В тонкую натуру грубой необъятной капитанши он не верил. А может быть, просто ревновал отца, который после матери выбрал себе вот это. Ясно, что женщины у него были и раньше, и немало, но ненадолго и ничего всерьез, а тут вдруг Гастаки. Луиджи чувствовал, что на обычном времяпровождении с ней отец не остановится, и Фоккио почти тут же и убедил его в этом, удивив следующими своими словами просто невероятно.
— Мы угоним «Морскую Пантеру», — сказал отец, — то есть, сделаем вид, что угоним, чтобы так думали дамы. Зоя в этой битве проиграла все. Для нее закончилась жизнь, такая, как ей нравилась. Вернуться к брату, который заплатит за нее деньги — это позор, крах всего, кроме того, он будет попрекать ее, и о море ей придется забыть. А Зоя любит море, по-настоящему. Суша и присмотр недовольного родственника будет для нее как клетка с надзирателем. Так что я ему сам доплачу, если будет надо, чтобы отстал от сестры. Твоей Поликсене морская прогулка тоже будет полезна. Мы увезем их далеко отсюда, а там будь что будет…
Взгляд Фоккио стал мечтательным, и Луиджи подумал, что до сих пор очень плохо знал своего отца.
Фоккио неожиданно удалось все устроить. Увольнительные после одержанной победы дали ему и Луиджи без каких-либо проблем. «Морская пантера» была трофеем и считалась собственностью урготского флота, но и ее им отдали. Как оказалось, это Рокэ Алва сделал такой прощальный подарок обоим Джильди, но уехал он раньше, чем Луиджи успел его поблагодарить. Брат Гастаки слишком медлил с выкупом, и Фоккио сам сумел договориться о цене за обеих пленниц, чтобы их отпустили. Все было оговорено, «Пантере» не должны были препятствовать, а Зое старый морской волк рассказывал про готовящийся побег, и она, кажется, верила.
Наконец, нужный момент настал. Фоккио «тайком» провел на корабль несколько моряков, которые должны были помогать увести его от берега.
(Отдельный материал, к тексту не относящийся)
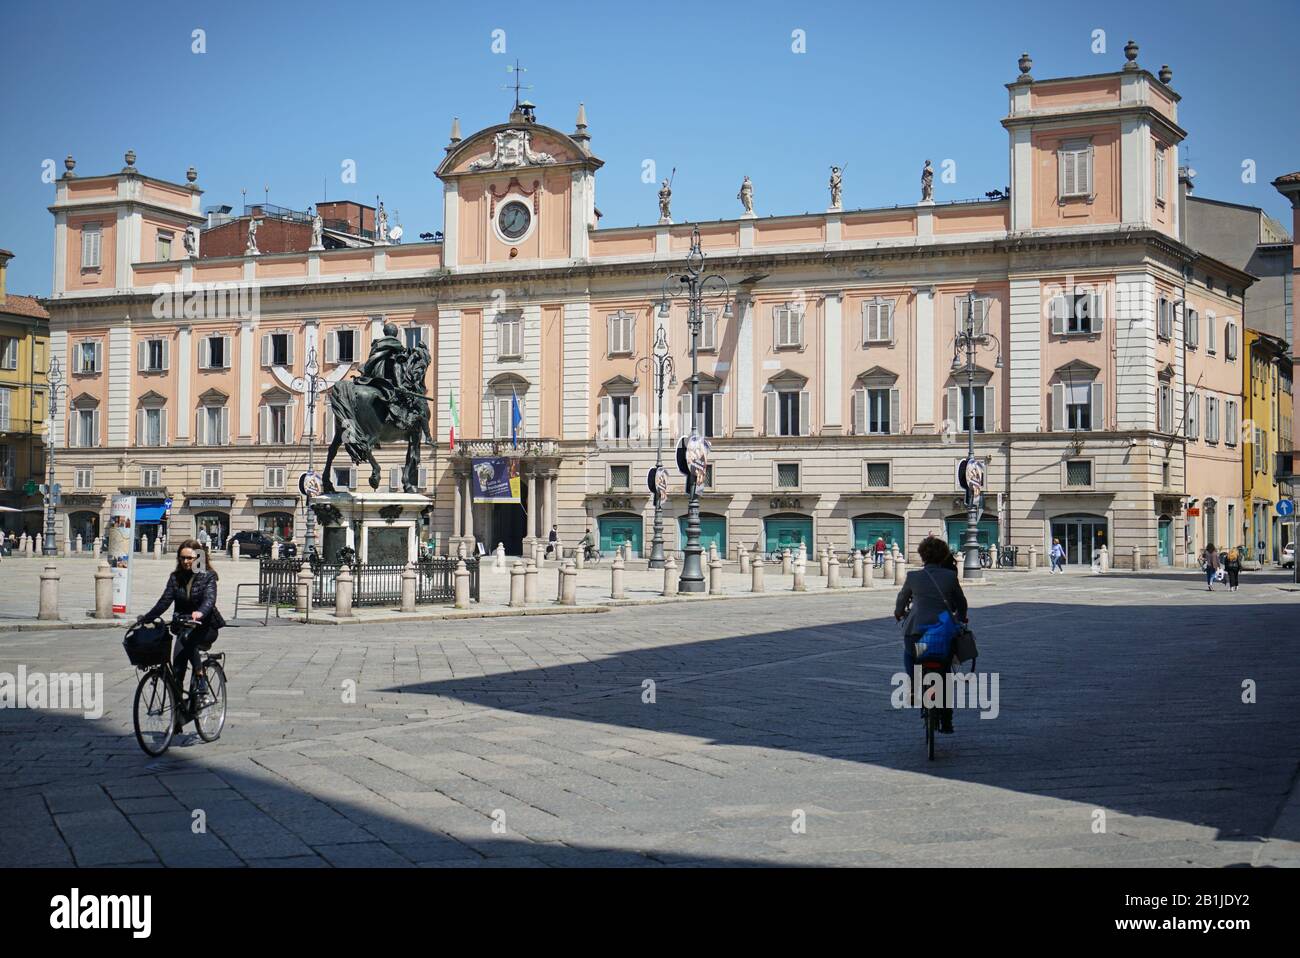 The car-free historic centre of Piacenza, with many bicycles and pedestrians. Piacenza, Italy - april 2019 Stock Photo

Ночной ветер наполнил паруса «Пантеры», и она легко заскользила вперед, оставляя за собой Фельп.
— Мы плывем, — прошептала Поликсена, открывая глаза.
Луиджи, который сидел рядом с ней, легонько сжал пальцы девушки, с волнением и радостью вслушиваясь в ее первые за долгое время осознанные слова.
— Плывем, — негромко подтвердил он, — теперь вы и адмирал Гастаки будете свободны.
— Плен, — вспомнила Поликсена, — мы были в плену, я ранена… Где мой адмирал? — тут же с тревогой спросила она.
— Спит в соседней каюте, — поспешил успокоить ее Луиджи.
Спала Зоя или нет, он не знал, но объяснять Поликсене про дожиху и отца пока было рано.
— Попробуйте и вы еще поспать, — сказал он девушке, — Сейчас ночь, вы ранены, и вам нужен отдых. «Морская пантера» вырвалась из плена, мы плывем в безопасное место, и теперь все будет хорошо.
Луиджи утешительно поглаживал пальцы девушки, за все прошедшие у ее постели ночи он привык так делать и даже не замечал своей вольности, но Поликсена вдруг нахмурилась и высвободила у него свою руку.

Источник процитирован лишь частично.